Internet-Drafts are working documents of the Internet Engineering
Task Force (IETF), its areas, and its working groups. Note that other
groups may also distribute working documents as Internet-Drafts.
Internet-Drafts are draft documents valid for a maximum of six months
and may be updated, replaced, or obsoleted by other documents at any
time. It is inappropriate to use Internet-Drafts as reference
material or to cite them other than as "work in progress."
The list of current Internet-Drafts can be accessed at http://
www.ietf.org/ietf/1id-abstracts.txt.
The list of Internet-Draft Shadow Directories can be accessed at
http://www.ietf.org/shadow.html.
This Internet-Draft will expire on April 18, 2004.
Copyright Notice
Copyright (C) The Internet Society (2003). All Rights Reserved.
Abstract
This document describes a simple method for invoking and running the
NETCONF configuration protocol within a Secure Shell (SSH) session as
an SSH subsystem.
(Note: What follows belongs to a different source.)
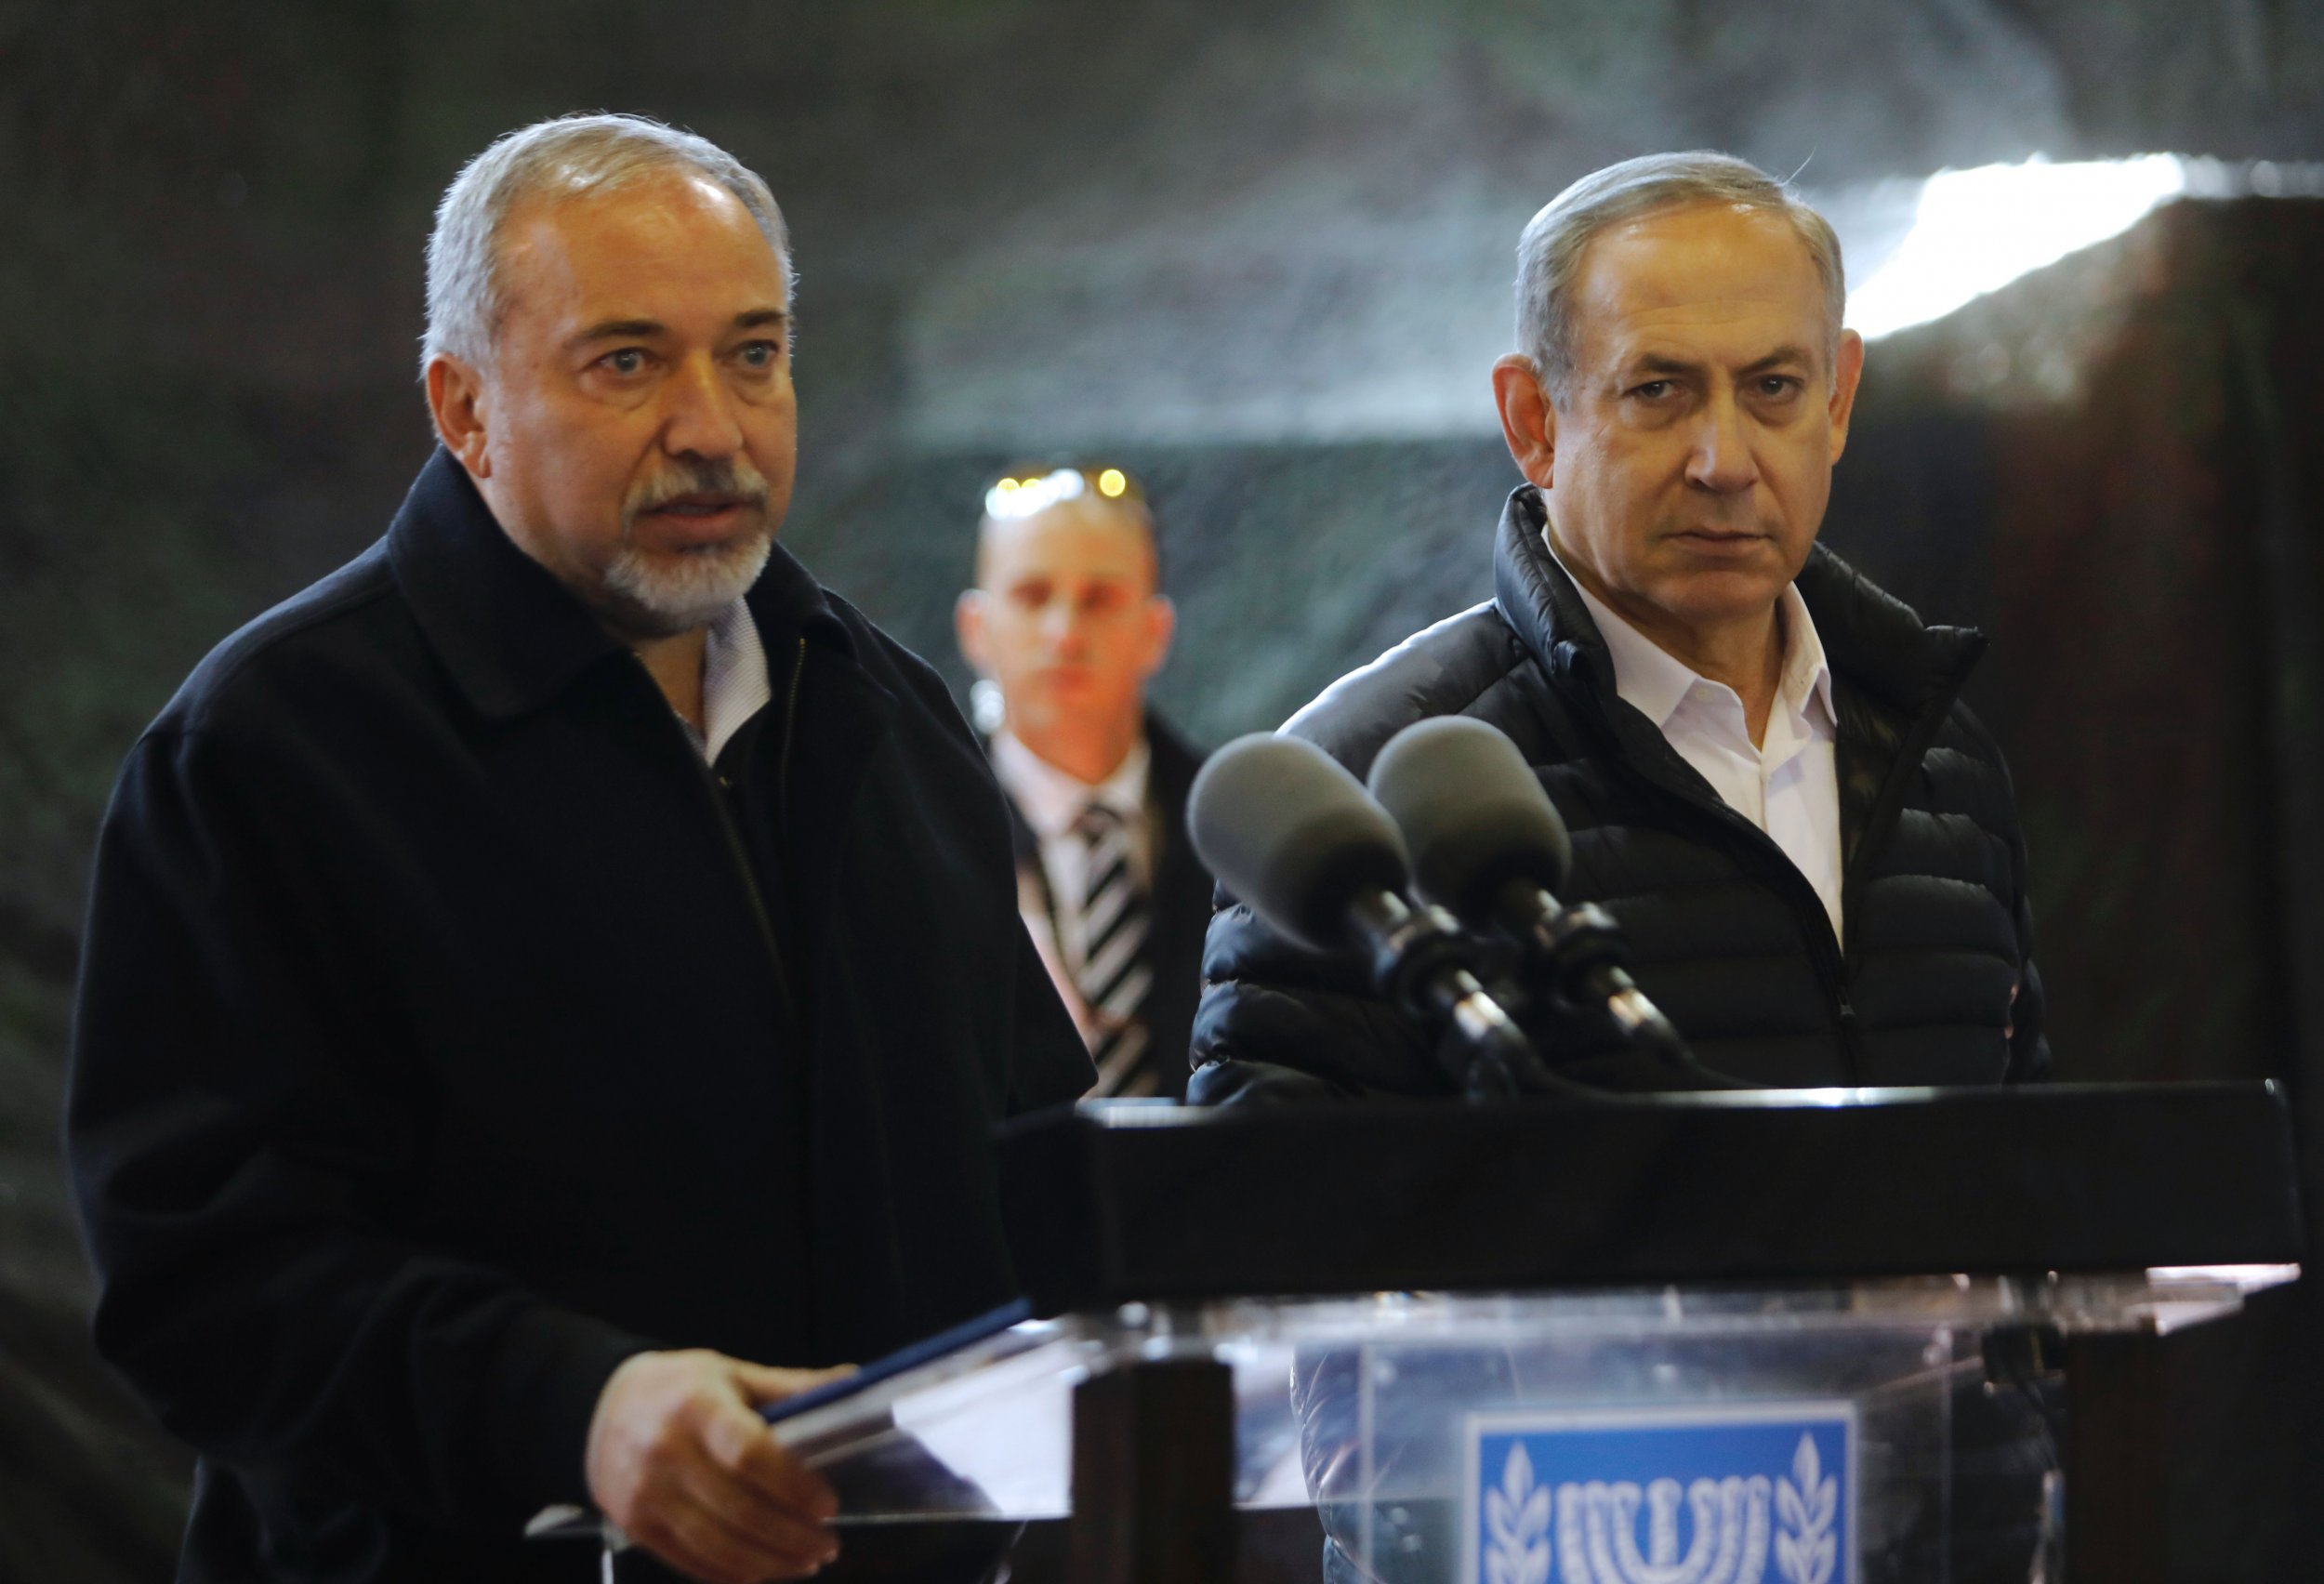 Lieberman and Netanyahu

Some features of the NETCONF protocol are not
suited for use in a single shell session, and those limitations are
described here.
Wasserman & Goddard Expires April 18, 2004 [Page 1]
Internet-Draft NETCONF over SSH October 2003
Table of Contents
1. Introduction . . . . . . . . . . . . . . . . . . . . . . . . . 3
2. Starting NETCONF over SSH . . . . . . . . . . . . . . . . . . 4
2.1 Capabilities Exchange . . . . . . . . . . . . . . . . . . . . 5
2.2 Reversability of Connections . . . . . . . . . . . . . . . . . 6
3. Using NETCONF over SSH . . . . . . . . . . . . . . . . . . . . 7
4. Sending NETCONF Notifications over SSH . . . . . . . . . . . . 9
5. Exiting the NETCONF Subsystem . . . . . . . . . . . . . . . . 10
6. Running NETCONF from an SSH Shell . . . . . . . . . . . . . . 11
6.1 Starting a NETCONF Shell Session . . . . . . . . . . . . . . . 11
6.2 Exiting a NETCONF Shell Session . . . . . . . . . . . . . . . 11
7. Security Considerations . . . . . . . . . . . . . . . . . . . 13
8. Acknowledgements . . . . . . . . . . . . . . . . . . . . . . . 14
Normative References . . . . . . . . . . . . . . . . . . . . . 15
Informative References . . . . . . . . . . . . . . . . . . . . 16
Authors' Addresses . . . . . . . . . . . . . . . . . . . . . . 16
Intellectual Property and Copyright Statements . . . . . . . . 17
Wasserman & Goddard Expires April 18, 2004 [Page 2]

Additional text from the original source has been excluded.